The improved relations culminated last August with the opening of the $12.1 million Harbor Dunes Health Center, a 50-50 venture with Horizon that was built adjacent to the hospital and is helping to lure several specialty medical practices to open local offices. Horizon and North Ottawa also came together on a shared strategy designed to guarantee local control over health care services and ensure accessibility and affordability by requiring participating physicians to accept the same health plans as the hospital.

With the partnership solidified, North Ottawa began planning for a major first-floor renovation that will enable the health system to expand its cancer treatment, emergency department, women's health services and outpatient surgery. The project is expected to cost upwards of $7 million.

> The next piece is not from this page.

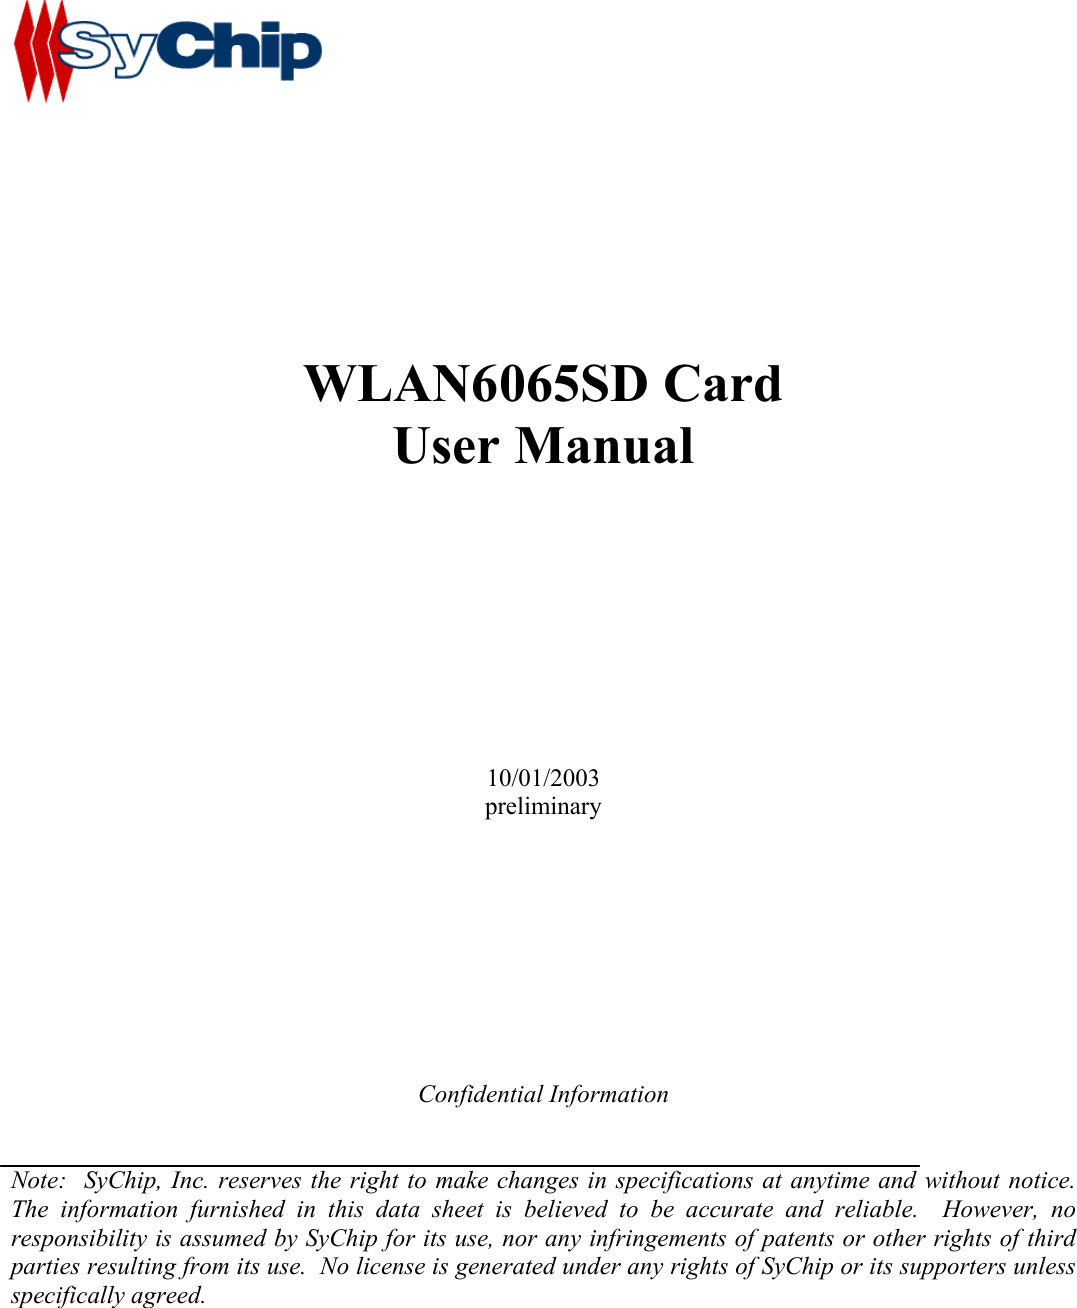               WLAN6065SD Card User Manual           10/01/2003 preliminary          Confidential Information   Note:  SyChip, Inc. reserves the right to make changes in specifications at anytime and without notice.  The information furnished in this data sheet is believed to be accurate and reliable.  However, no responsibility is assumed by SyChip for its use, nor any infringements of patents or other rights of third parties resulting from its use.  No license is generated under any rights of SyChip or its supporters unless specifically agreed.

Funk and Poulton not expect the CEO's departure to derail or even delay that project.

The ongoing planning for the renovation, coupled with the significant strides North Ottawa has made in three years under Funk's watch, made his resignation surprising to Lody Zwarensteyn, president of the regional health-care planning agency Alliance for Health.

"Given where the hospital has come from and where it's going, I'm quite surprised," Zwarensteyn said. "The suddenness of this thing kind of takes your breath away. It's difficult to understand, given the substantial progress that has been made in that community."

Even with that progress, North Ottawa faces its challenges, including increased competition in its core market. Holland Community Hospital in the past year has aggressively stepped up marketing in the Grand Haven-Spring Lake area.

Mercy General Health Partners in Muskegon also has a small foothold in the market, with a physician practice in Spring Lake and the Shore Haven-Mercy Living Center nursing home in Grand Haven.